REEL 4 Continues: aid from Italian women in Monza; character of train journey from Monza to Como; aid from Italian civilians in Como, 11/11/1943; arrangements for crossing into Switzerland; cost of bribes to those who took prisoners of war over border; crossing border into Switzerland, 18/11/1943-19/11/1943; fate of Captain Philip Kindersley and Major Ronald Orr Ewing. Aspects of period as internee in Switzerland, 11/1943-11/1944: effects of having contacts in the country; part time job as assistant to head of Military Intelligence Section 6 (MI6) in Geneva; rule about who could use escape line through southern France; repatriation, 11/1944.
REEL 5 Continues: Recollections of period as civil servant with Colonial Service in Gold Coast, British West Africa, 1950-1953: initial posting as Assistant District Commissioner in Ashanti Province, 1950; duties; transport problems; voting arrangements for first elections, 1951; enthusiasm of ex-servicemen for Independence; courtesy shown by officials to Ashanti hierarchy; resentment shown to British by African graduates; attitudes in administration to readiness for Independence; formation of first African Council of Ministers after elections, 1951; work in Secretariat, 1951-1953; disagreement of his superior with Governor of Kenya over registration of Europeans there; system of appointment of African supernumeries to learn jobs formerly held by Europeans.

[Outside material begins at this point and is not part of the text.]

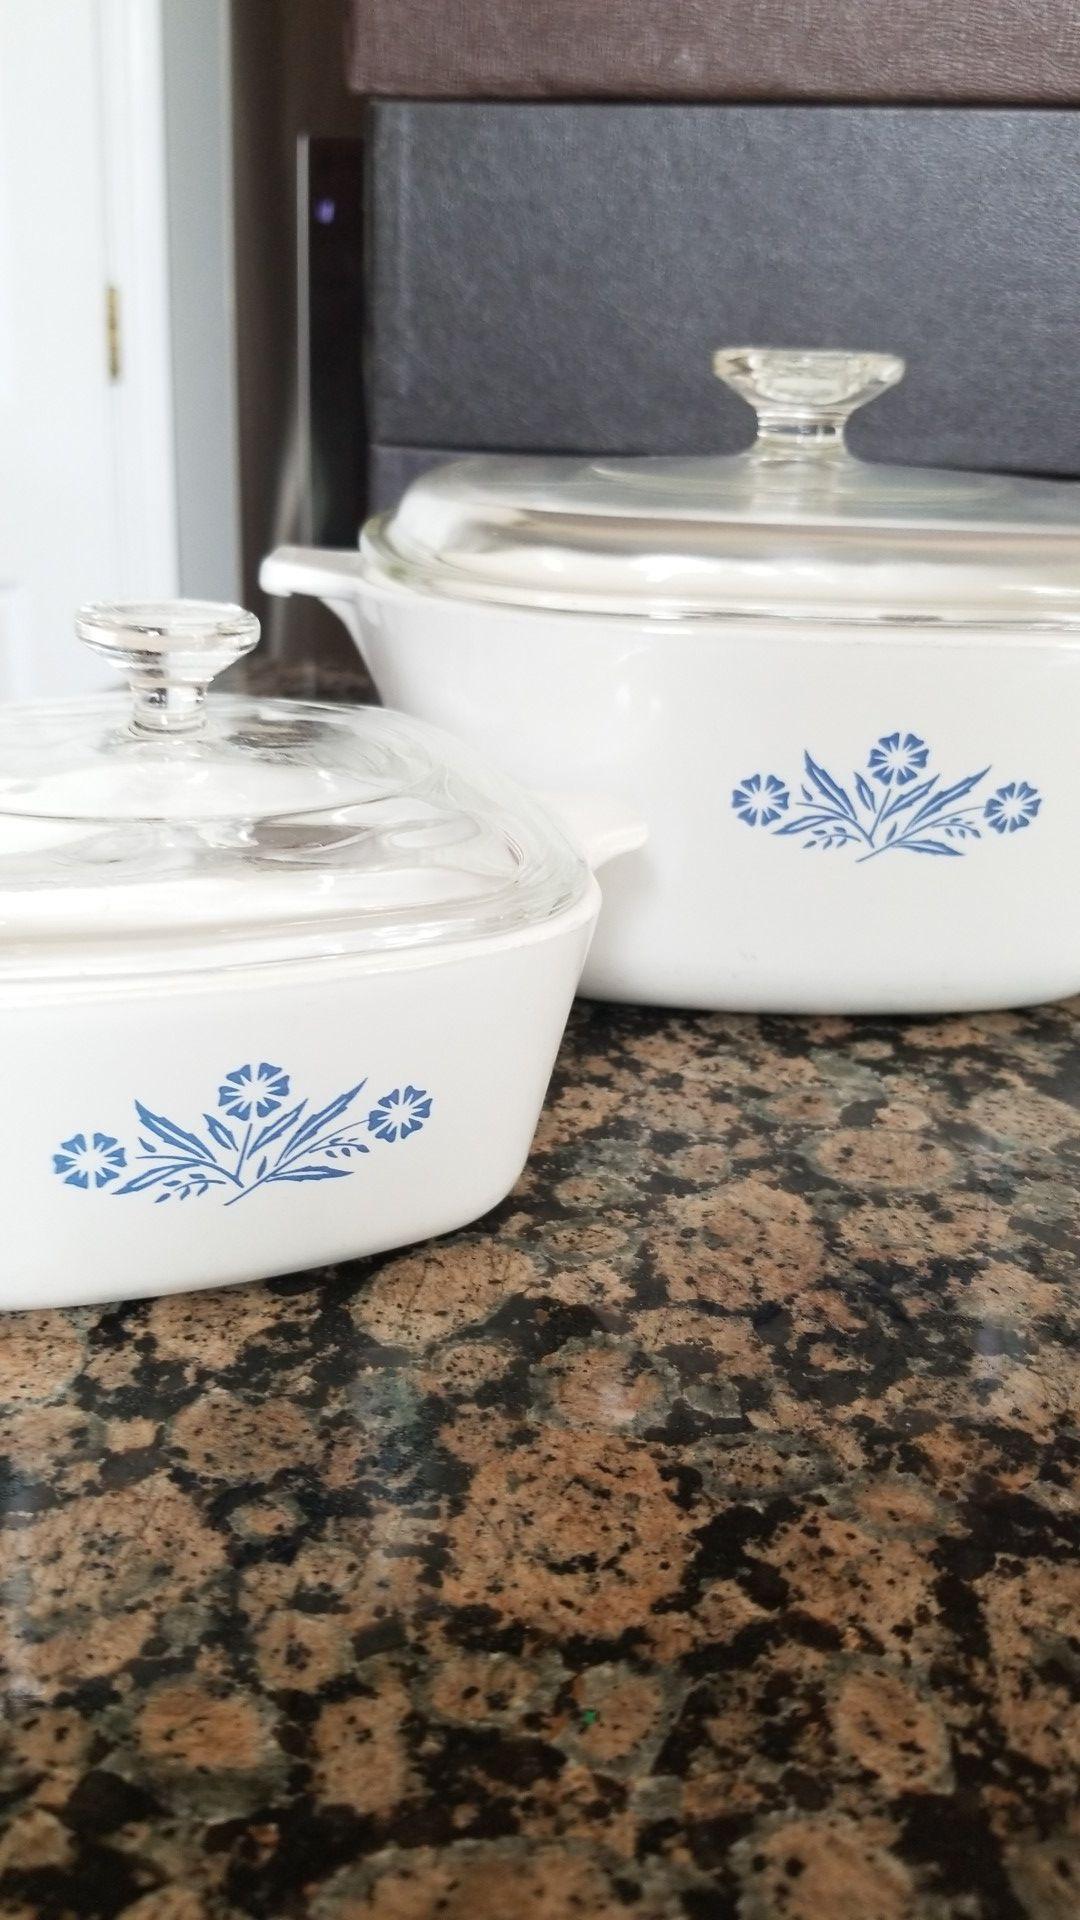 2-piece Corningware set

REEL 6 Continues: ease with which his own supernumerary learnt his job; willingness of European civil servants to co-operate with process of Africanisation; lack of interest of Africans in Mau Mau movement in Kenya, 1952; attitudes of Ashanti Tribe towards rest of Gold Coast population and approaching Independence; civil servants who stayed on after Independence, 1957; lack of resentment about suppression of Accra Riots, 1948; good humour of Ghanaians. Aspects of period as colonial secretary with Colonial Service in British Honduras, 1953-1956: arrival in British Honduras, 4/1953; low level of salaries in Caribbean colonies; an ex-serviceman friend he made during period in British Honduras.